Evet yaşanan süreçte bankaların içi boşaltıldı kamu kurumlarına yüksek faizle borçlar verildi. Alınan yüksek meblağlı uluslararası borçları denetleyen kimse olmadı. Banka yönetimlerine finans sektörüyle uzaktan yakından ilgisi olmayanlar dolduruldu. 20 banka 1997-2001 döneminde Tasarruf Mevduatı Sigorta Fonuna geçti. Bütün mevduatın garanti kapsamında olduğu yıllardı ve bütün yükü bu aziz millet yüklendi. Sadece bankalardan dolayı ödediğimiz rakamın yaklaşık 50 Milyar Dolar olduğunu söyleyebilirim.

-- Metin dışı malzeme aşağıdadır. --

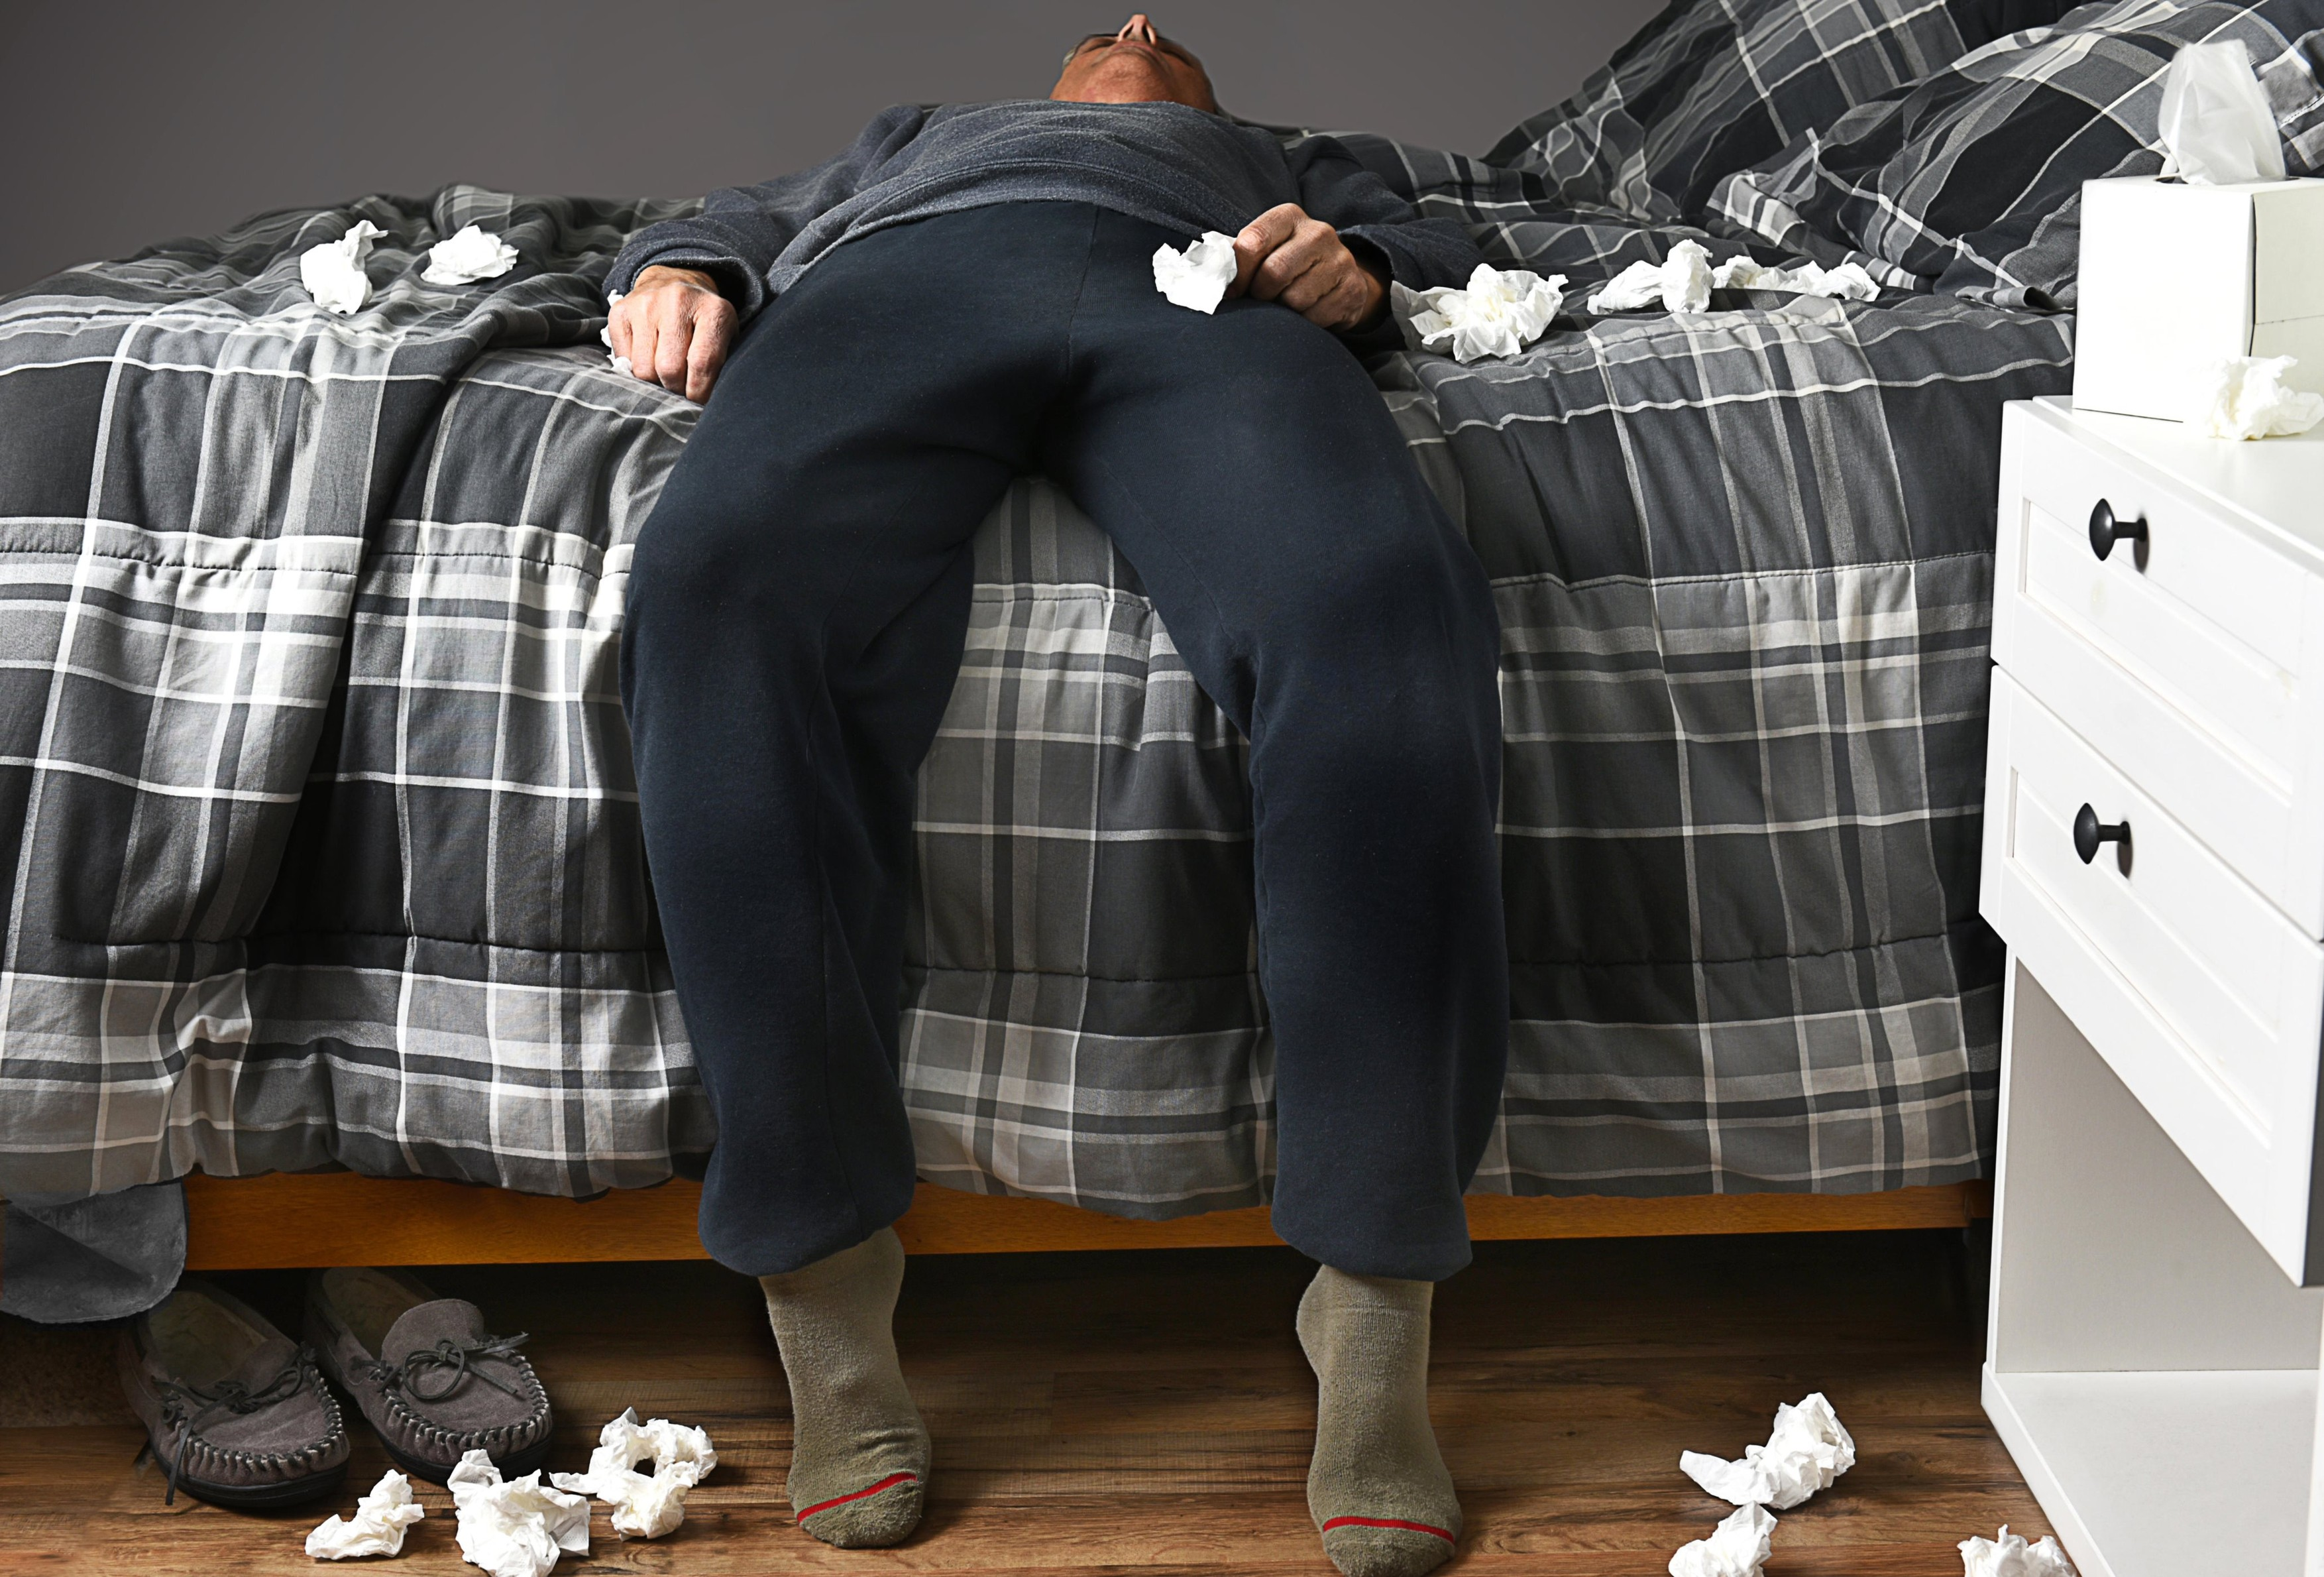 Gripa prehlad bolezen

Bu süreçte havuzu kaldırıp iç borçlanmanın önünü açanlar ise GSYH’ya oranı % 5’ler seviyesine gerileyen faiz harcamalarının oranını 2001 de % 17’nin üstüne çıkarmayı başardılar. Bu aziz millet bütün gelirinin % 17 sini sadece faize öder hale gelmişti.2001 Krizi sonrasında oluşan açığı kapatmak uğruna tertip edilen hazine borçlanma senetlerini 2010 kadar bu millet ödedi. Kurumsallaşmaya ve marka oluşturmaya çalışan Anadolu sermayesi en az 10 yıl kaybetti. Gerekçesiz verilmeyen teşvik belgeleri yüzünden birçok yatırımcı yatırımından vazgeçti. Oysa aynı belgeler bazı gruplara masa başında takdim ediliyordu. Özelleştirme İdaresinin satacağı yerlerin ihalesine giren yerel Anadolu müteşebbisleri ya kredi bulamıyor ya bahanesi olmadan ihaleye alınmıyordu. Anadolu da vergi denetimleri üst üste yapılırken bankaların vergi cezalarını affeden kanunlar çıkartılıyordu.

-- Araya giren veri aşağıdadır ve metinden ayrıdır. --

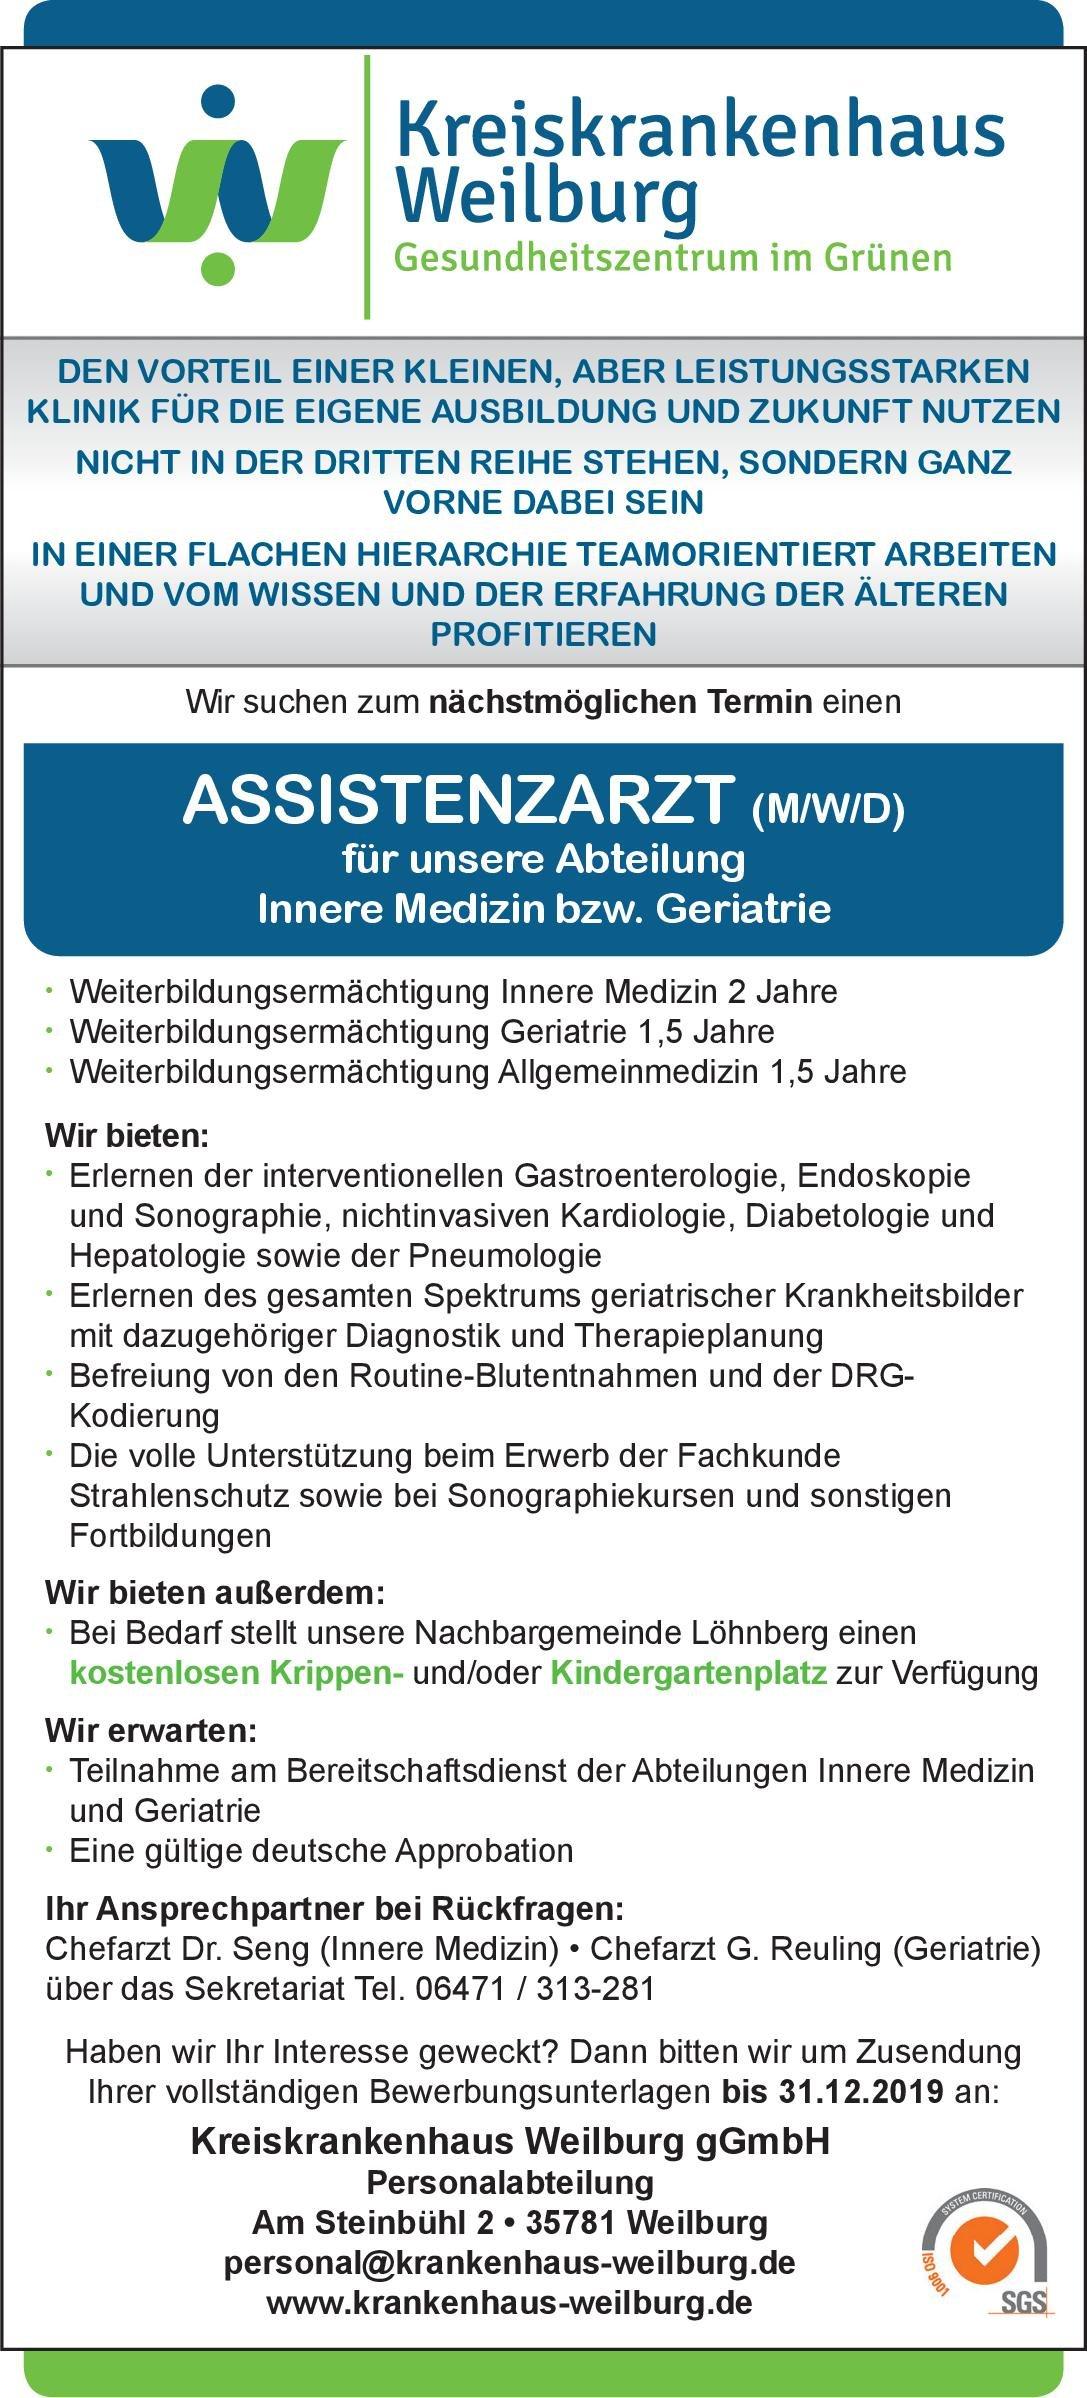 Kreiskrankenhaus Weilburg gGmbH Assistenzarzt (m/w/d) Innere Medizin bzw. Geriatrie  Innere Medizin, Geriatrie, Innere Medizin Assistenzarzt / Arzt in Weiterbildung

Evet geçen onca yıla rağmen o günün muktedirleri tarafından demokrasiye yapılan balans ayarı söylemi bence Türkiye Ekonomisine yapılan bir ayardı. O günleri yaşamasak eminim bu gün ülkemizde milli gelirden ihracata cari açıktan özel sektör borcuna kadar birçok alanda gelişmiş ülkelerin arasında yer alabilirdik.
28 Şubat farklı söylemlerle demokratik hayatımıza yapılan müdahalelerin geri planında mutlaka ekonomik gerekçeler olduğu gerçeğinin en büyük örneğidir.